Record extracts |
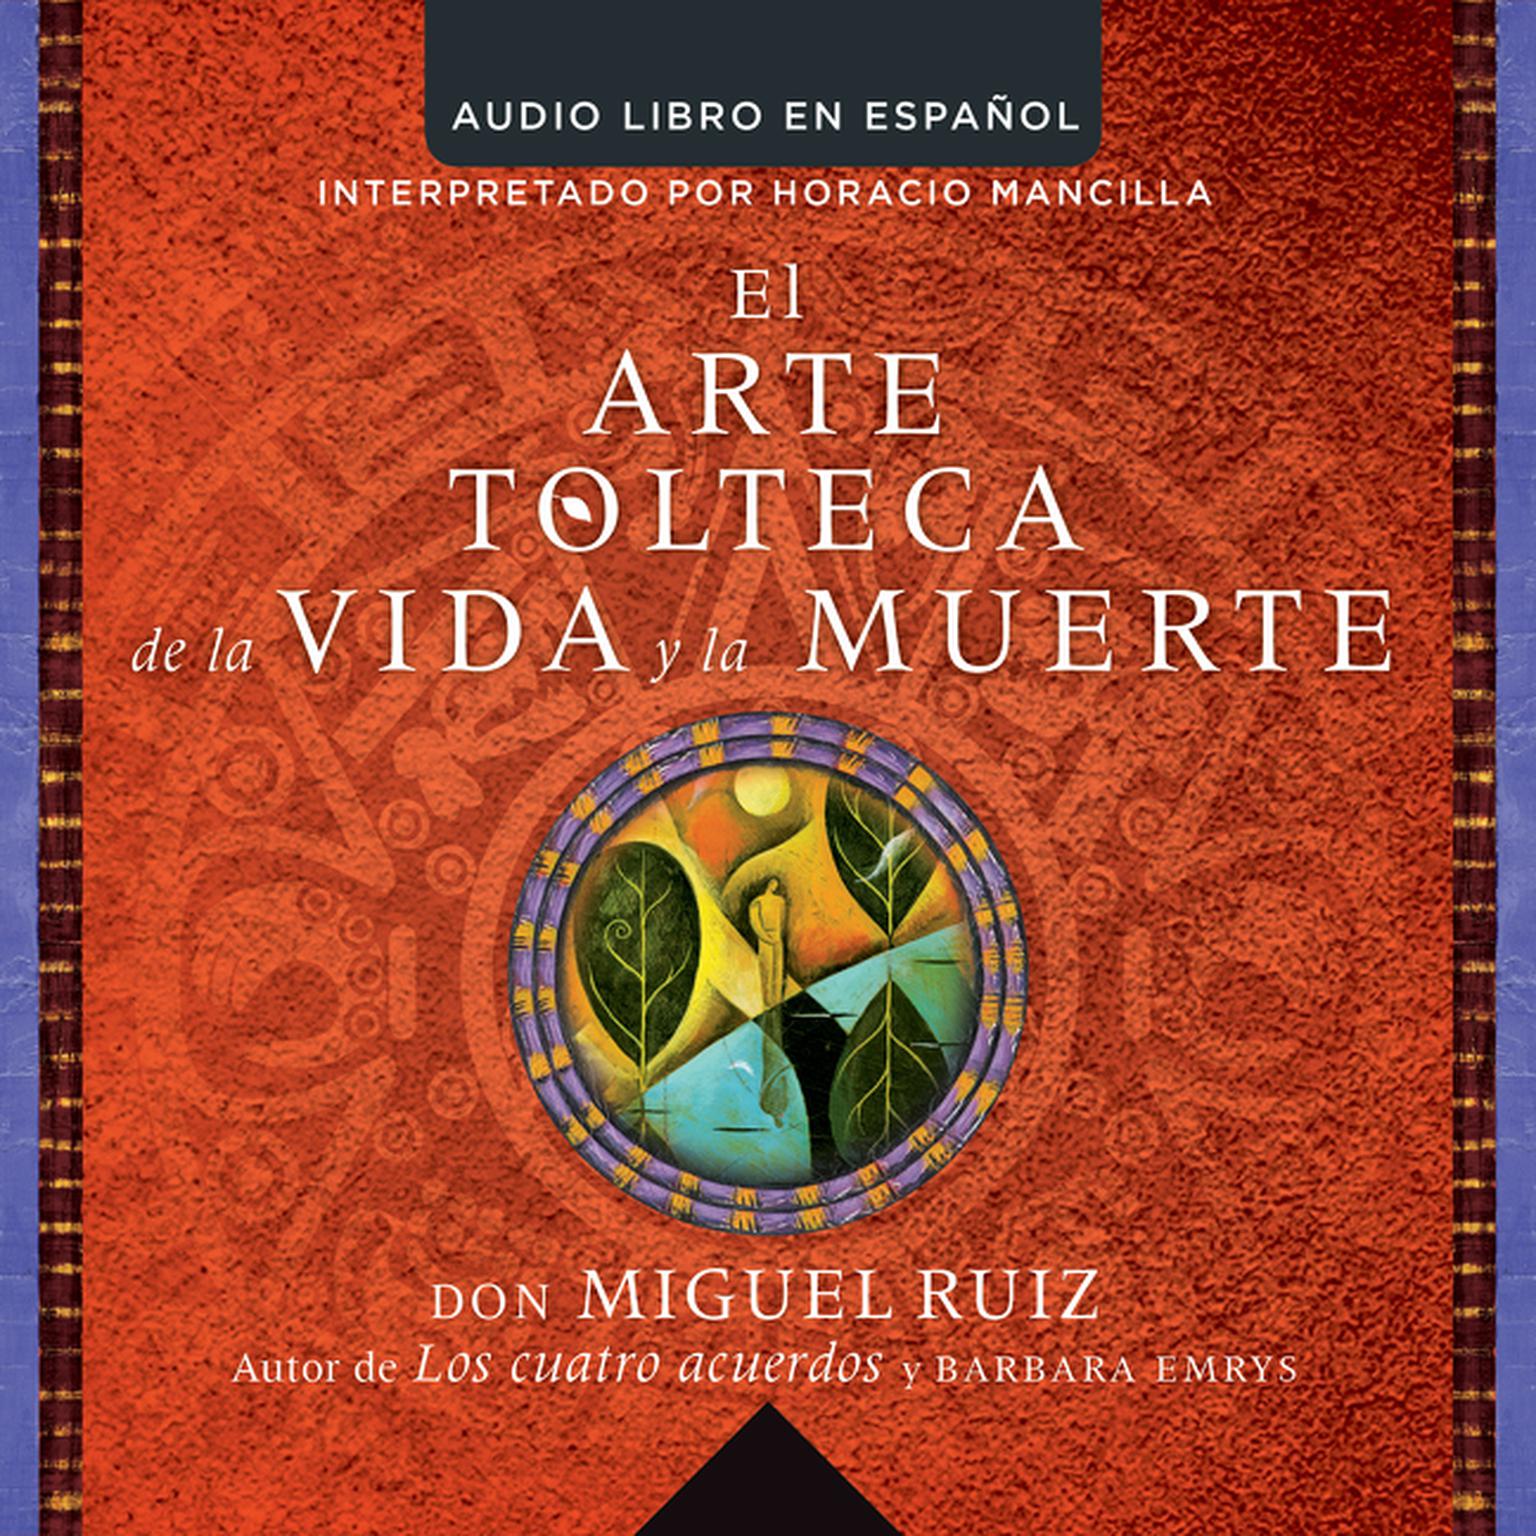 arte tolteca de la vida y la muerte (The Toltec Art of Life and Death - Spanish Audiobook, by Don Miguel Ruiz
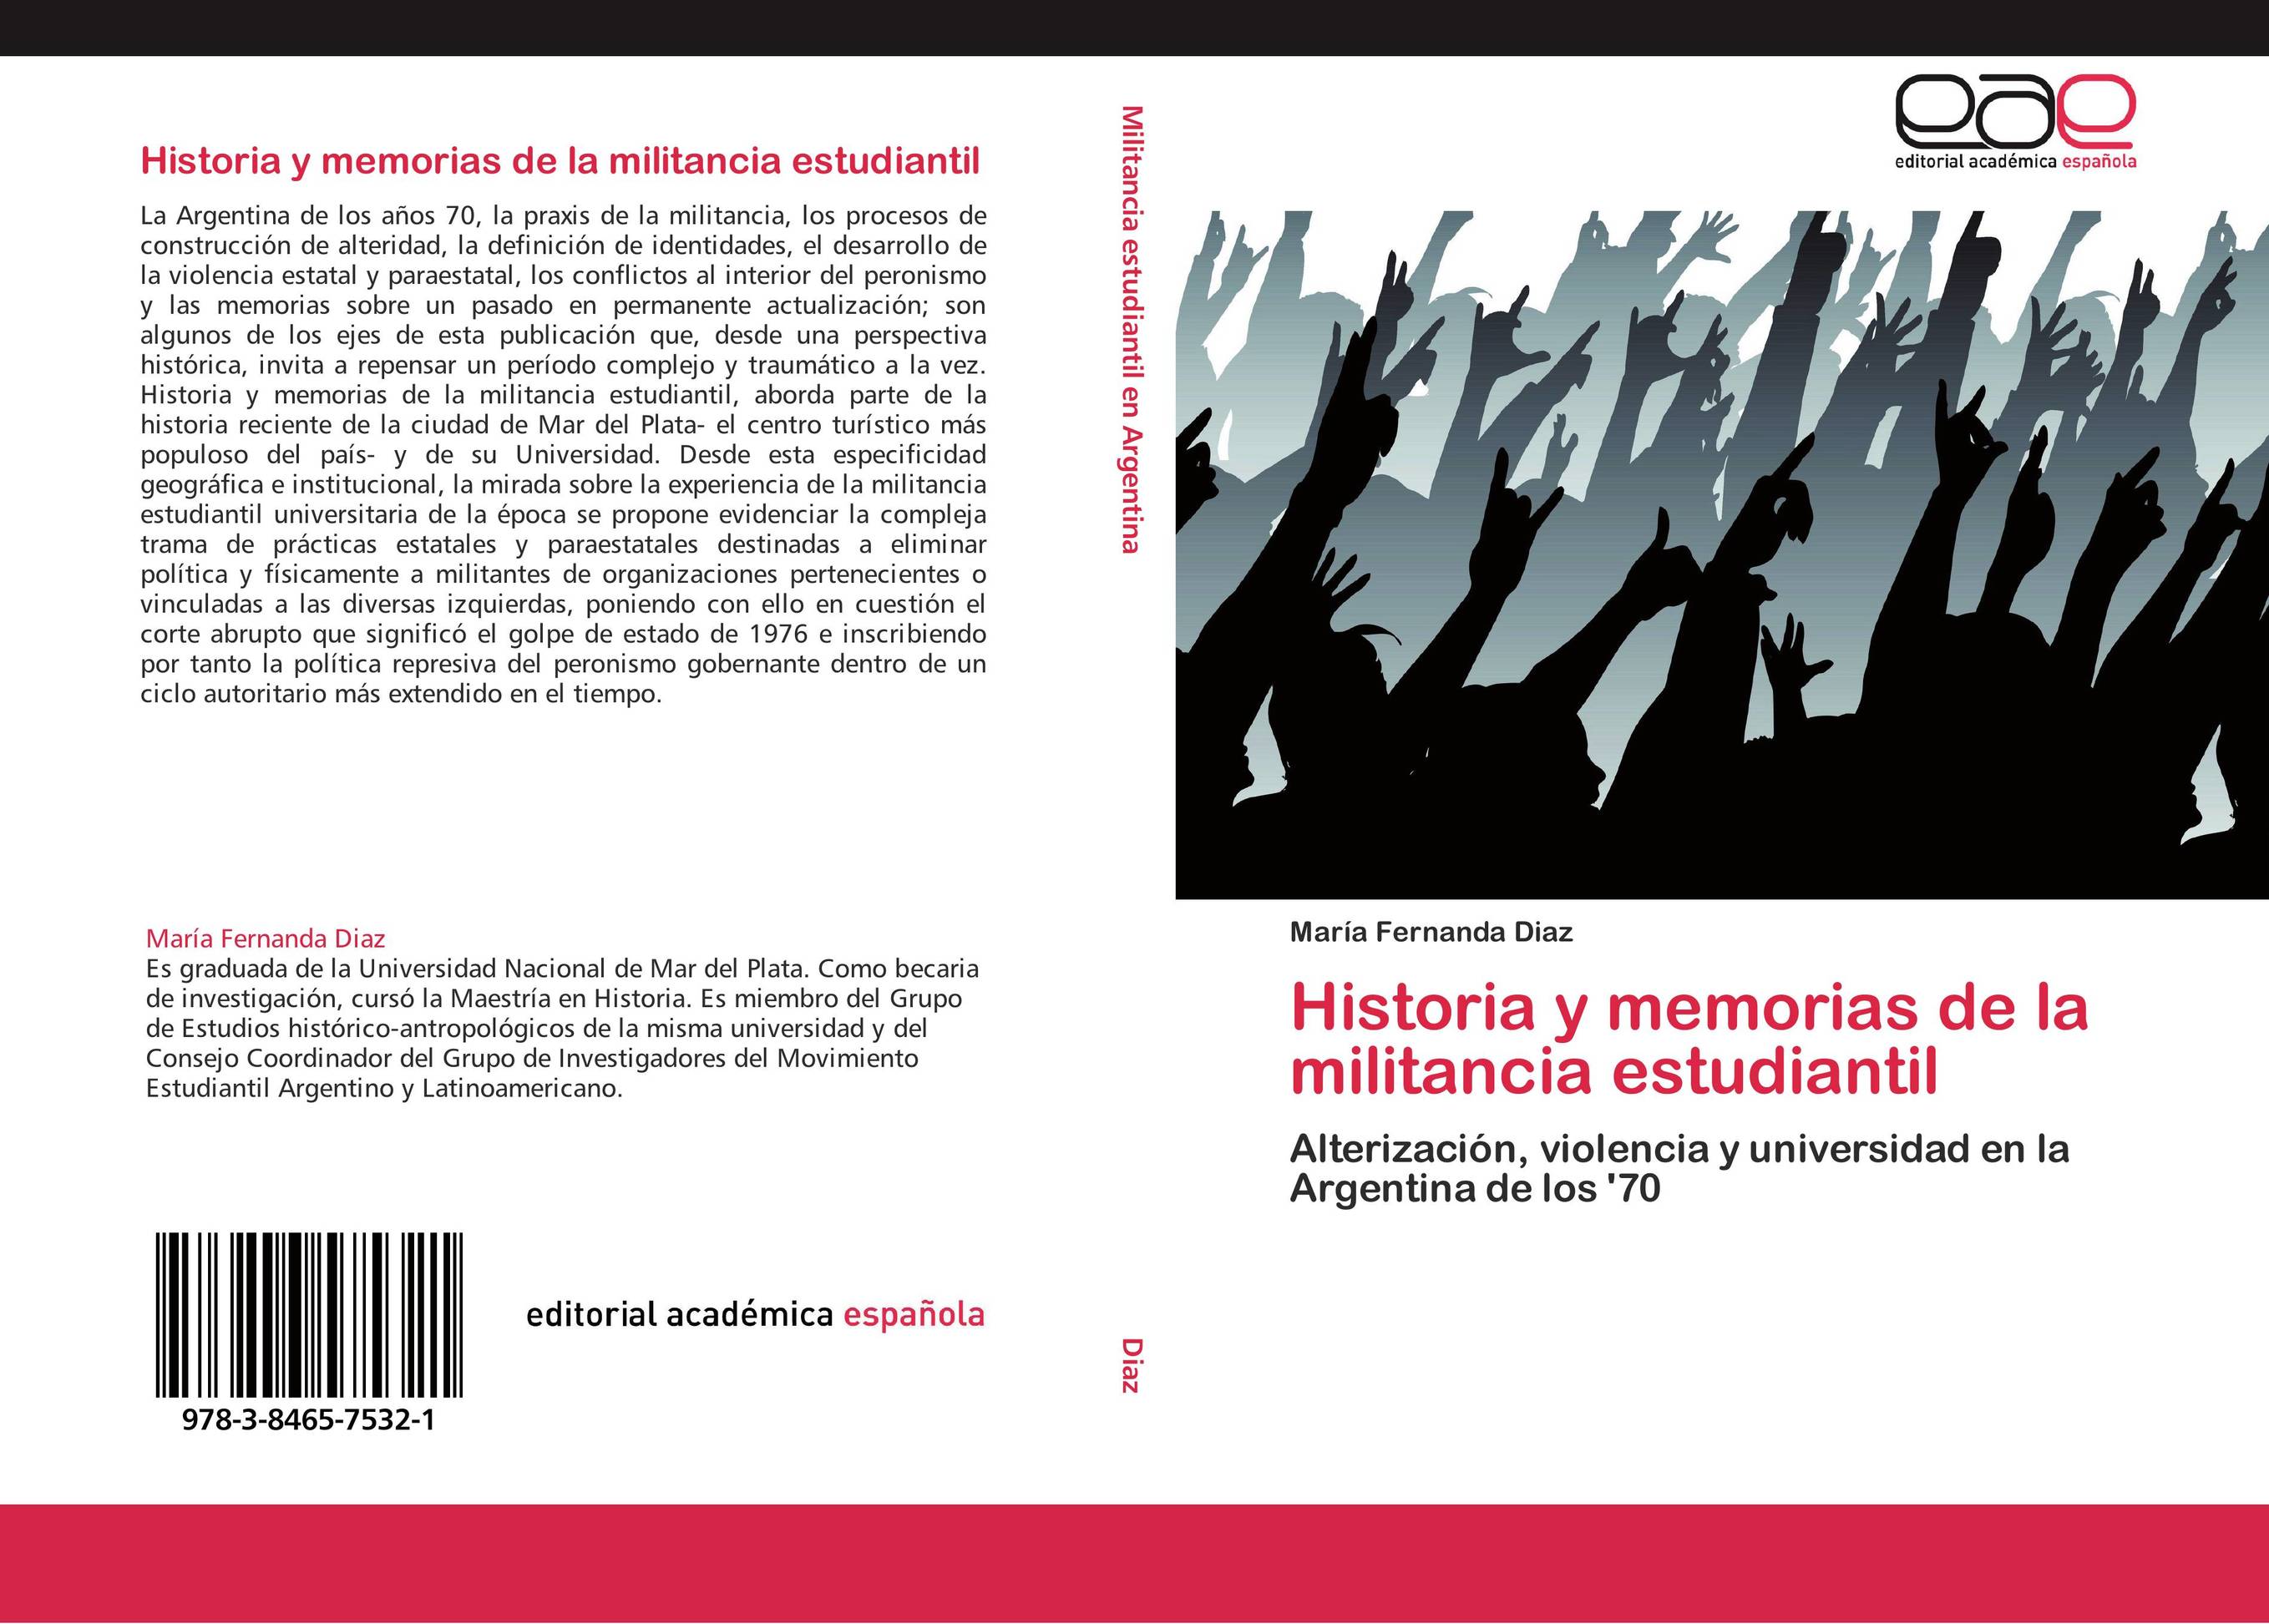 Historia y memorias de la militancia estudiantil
--
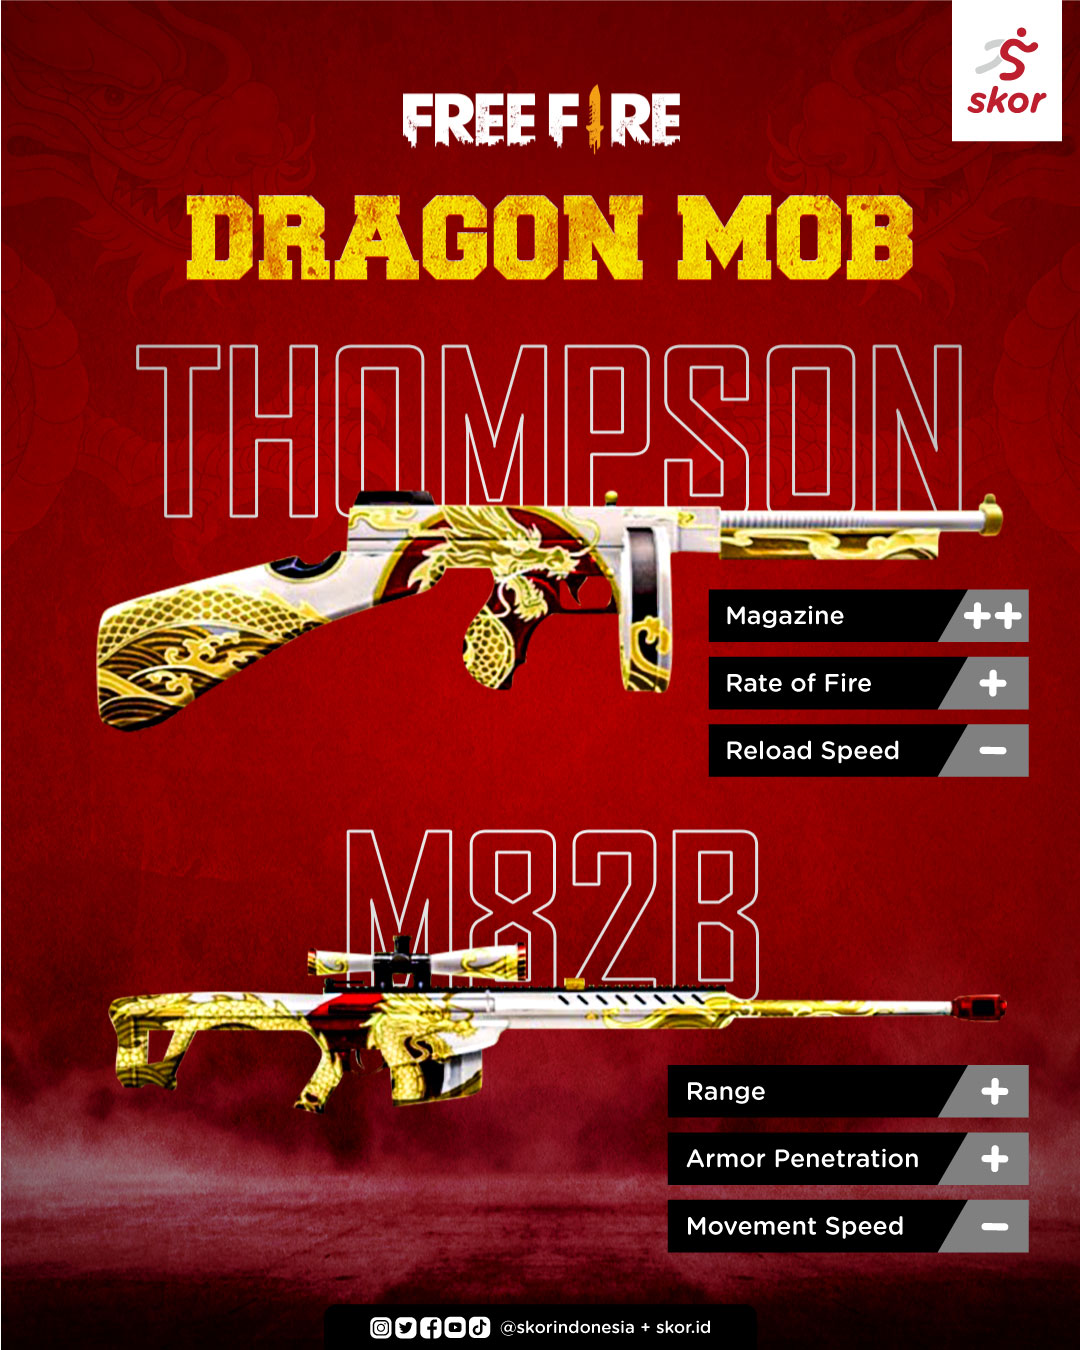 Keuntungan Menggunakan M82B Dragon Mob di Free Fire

What the task asks |
Copy only what runs above from the line containing "arte tolteca de" through the line containing "Historia y memorias", exactly. Leave out the pictures.

Solved problem |
 arte tolteca de la vida y la muerte (The Toltec Art of Life and Death - Spanish Audiobook, by Don Miguel Ruiz
 Historia y memorias de la militancia estudiantil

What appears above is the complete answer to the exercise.